Ru | En
«РАБОТАЛИ ДО ПОСЛЕДНЕГО ПРЕДЕЛА СИЛ…»
2015-й — год 70-летия Победы в Великой Отечественной войне. Для нашей страны эта дата наполнена особым смыслом. Это наша гордость, наша боль, наша память о погибших в боях с агрессором. И особенно важно хранить эту память сегодня, когда предпринимаются попытки переписать страницы военной истории, преуменьшить роль советского народа в освобождении от фашизма Европы и всего мира.
С самого начала своего существования газета «Наука Урала» писала о ветеранах Великой Отечественной войны, публиковала их воспоминания, рассказывала о встречах с ними накануне 9 мая. Когда-то их было немало в наших институтах. Работал совет ветеранов, проводились голубые огоньки, посвященные ветеранам. Сегодня почти все они ушли к своим однополчанам, не вернувшимся с войны. Но остались их мемуары, газетные публикации, люди, знавшие их. В этом и следующих номерах мы предлагаем читателям подборку материалов, подготовленную с помощью руководителя библиотечно-информационного отдела Института физики металлов УрО РАН Т.И. Налобиной. Она подобрала архивные материалы, посвященные Великой Отечественной войне. Попробуем увидеть войну глазами современников…
Из воспоминаний члена-корреспондента АН СССР Михаила Николаевича Михеева (1905–1989 гг.),
основателя и первого директора Института физики металлов, руководившего институтом более 50 лет
Приближение войны мы, ученые, ощущали довольно явственно. Нас стали чаще привлекать для решения технических проблем, связанных с выполнением заводами оборонных заказов. И все же сообщение о войне прозвучало неожиданно. В этот грозный день в Свердловске было на редкость ясно, и как-то не верилось, что на западе рвутся снаряды и бомбы, горят города и гибнут люди.
Гнев советского народа, вызванный вероломным нападением гитлеровской Германии, был велик. Тысячи добровольцев шли в военкоматы с просьбами немедленно отправить их на фронт. Среди них были и ученые нашего института. Через несколько месяцев после начала войны в институт пришел представитель обкома партии. Он сказал, что Государственный комитет обороны дал указание вернуть с фронта ученых — они принесут больше пользы в тылу. Но к тому времени на многих наших товарищей пришли похоронки...
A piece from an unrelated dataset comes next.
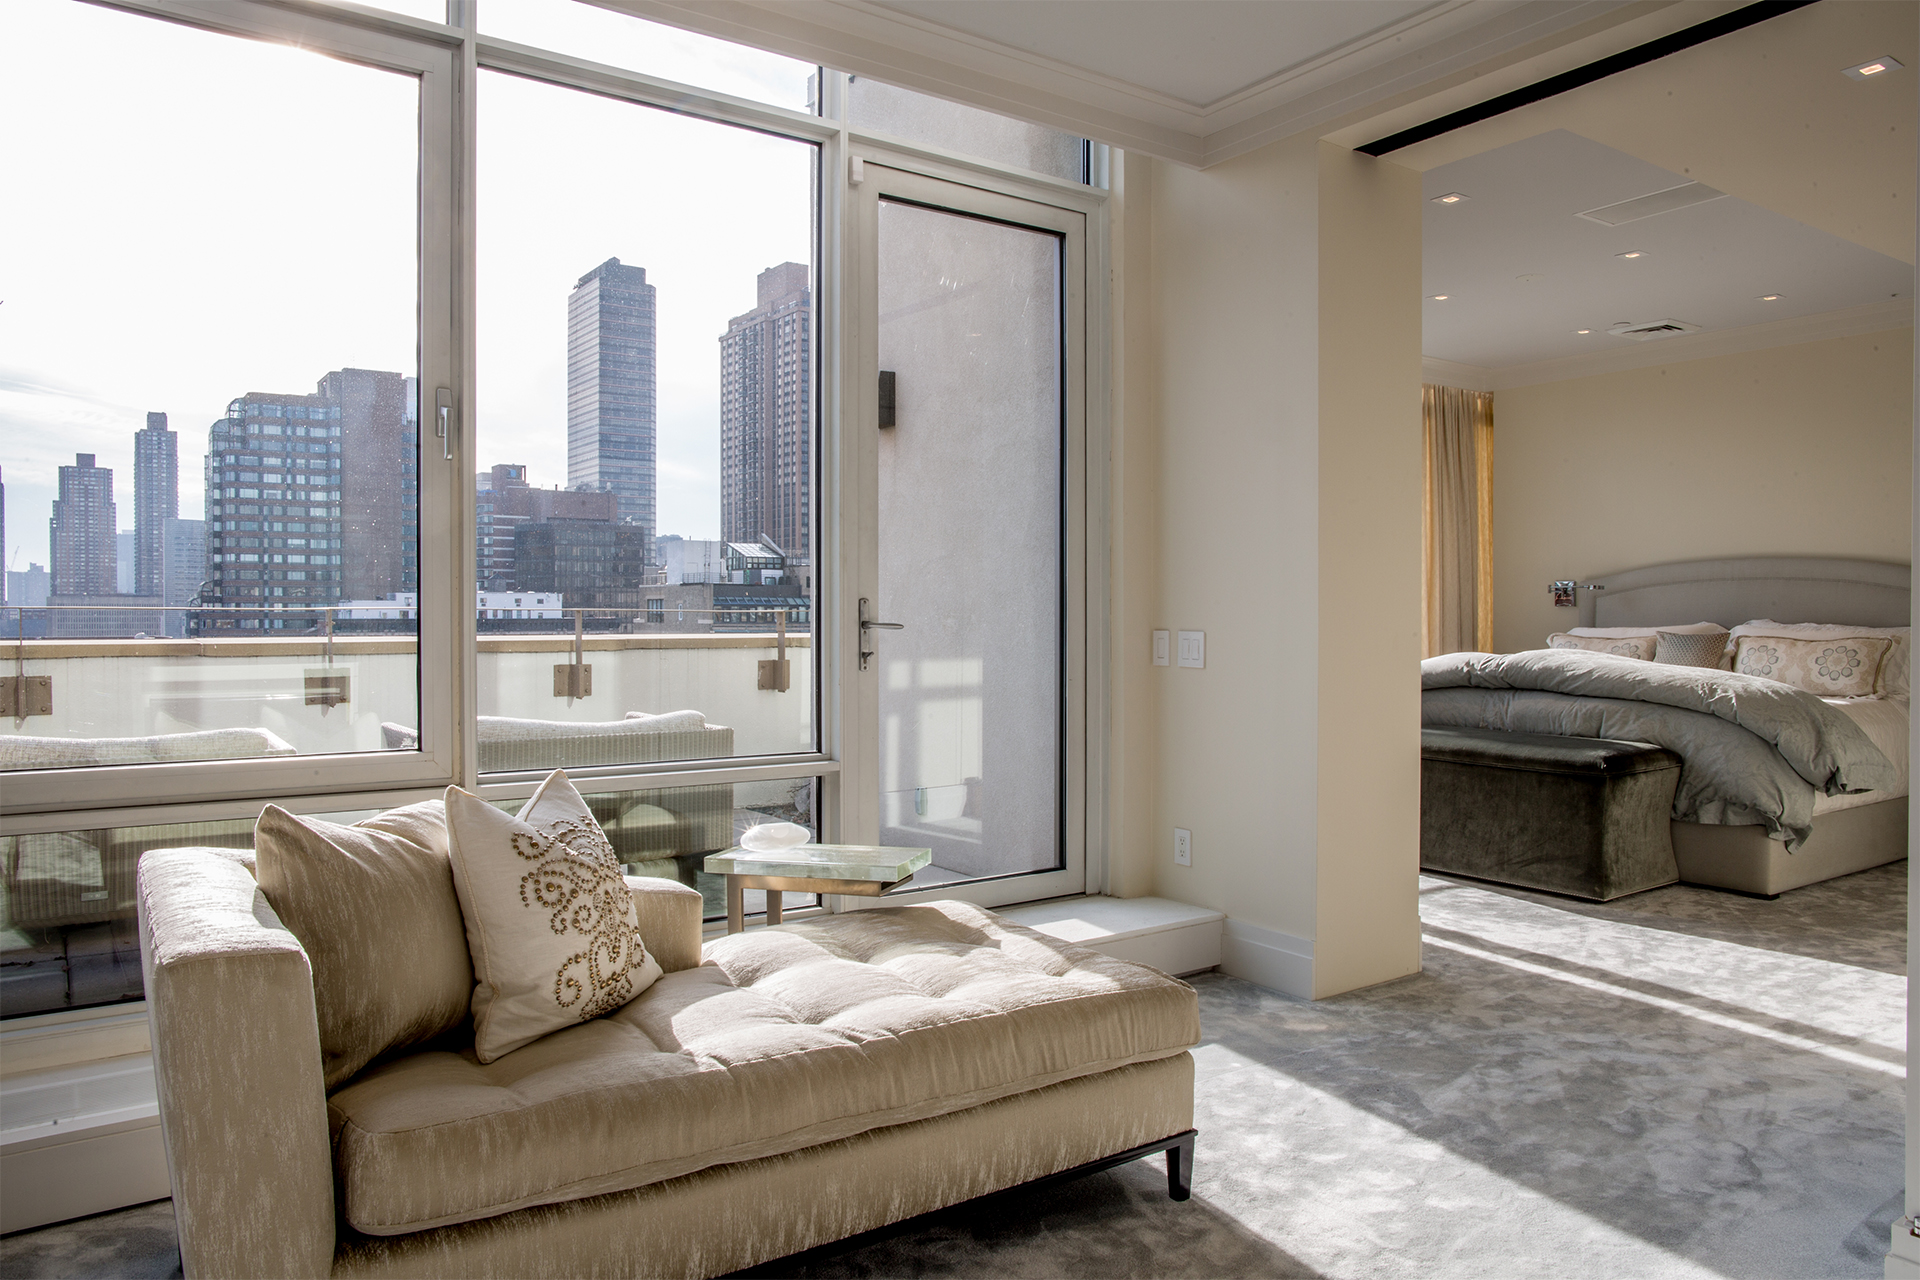 Upper West Side Penthouse Renovation - Master Bedroom
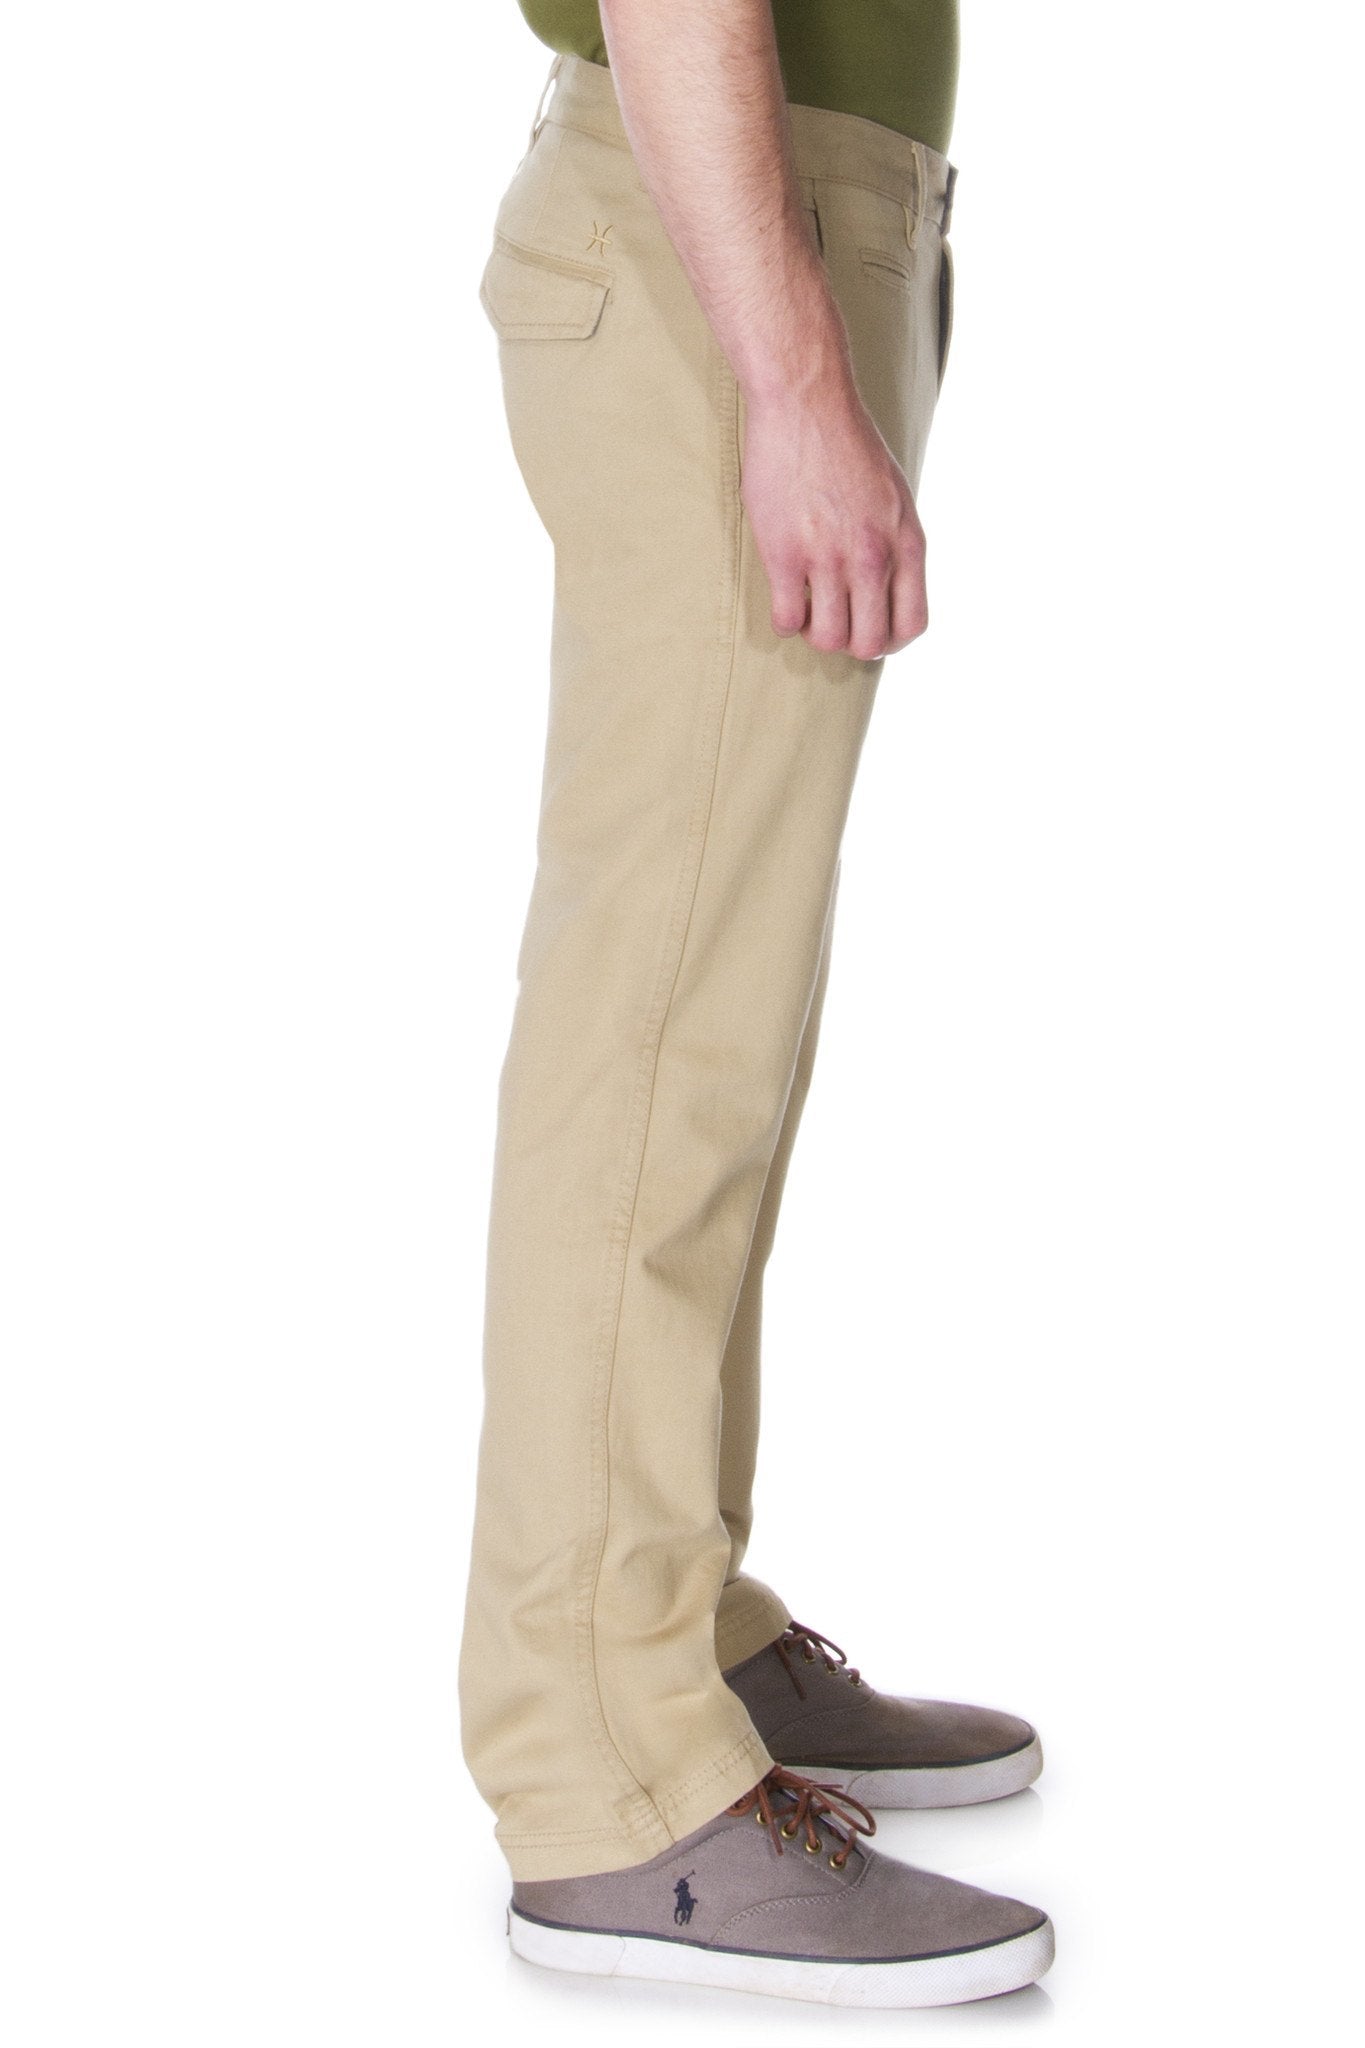 65 MCMLXV Men's Signature Slim Fit Khaki Chino Pant - Men - Apparel - Pants - Chino - Khaki - Benn~Burry

Работников института распределили по предприятиям, выпускающим оборонную продукцию. Меня закрепили за турбомоторным заводом, который выпускал дизельные двигатели для танков. Однажды ночью на квартиру приехал представитель с завода с просьбой срочно прибыть в сборочный цех.
В цехе была мертвая тишина. Конвейеры и оборудование стояли. Люди молча с надеждой смотрели на меня. Оказалось, что кончились болты, необходимые для сборки, но тут же скопилась куча бракованных болтов, которые ОТК не разрешило использовать. Я знал, что часть этих болтов можно использовать, если каждый из них проверить прибором, который я тогда еще доделывал.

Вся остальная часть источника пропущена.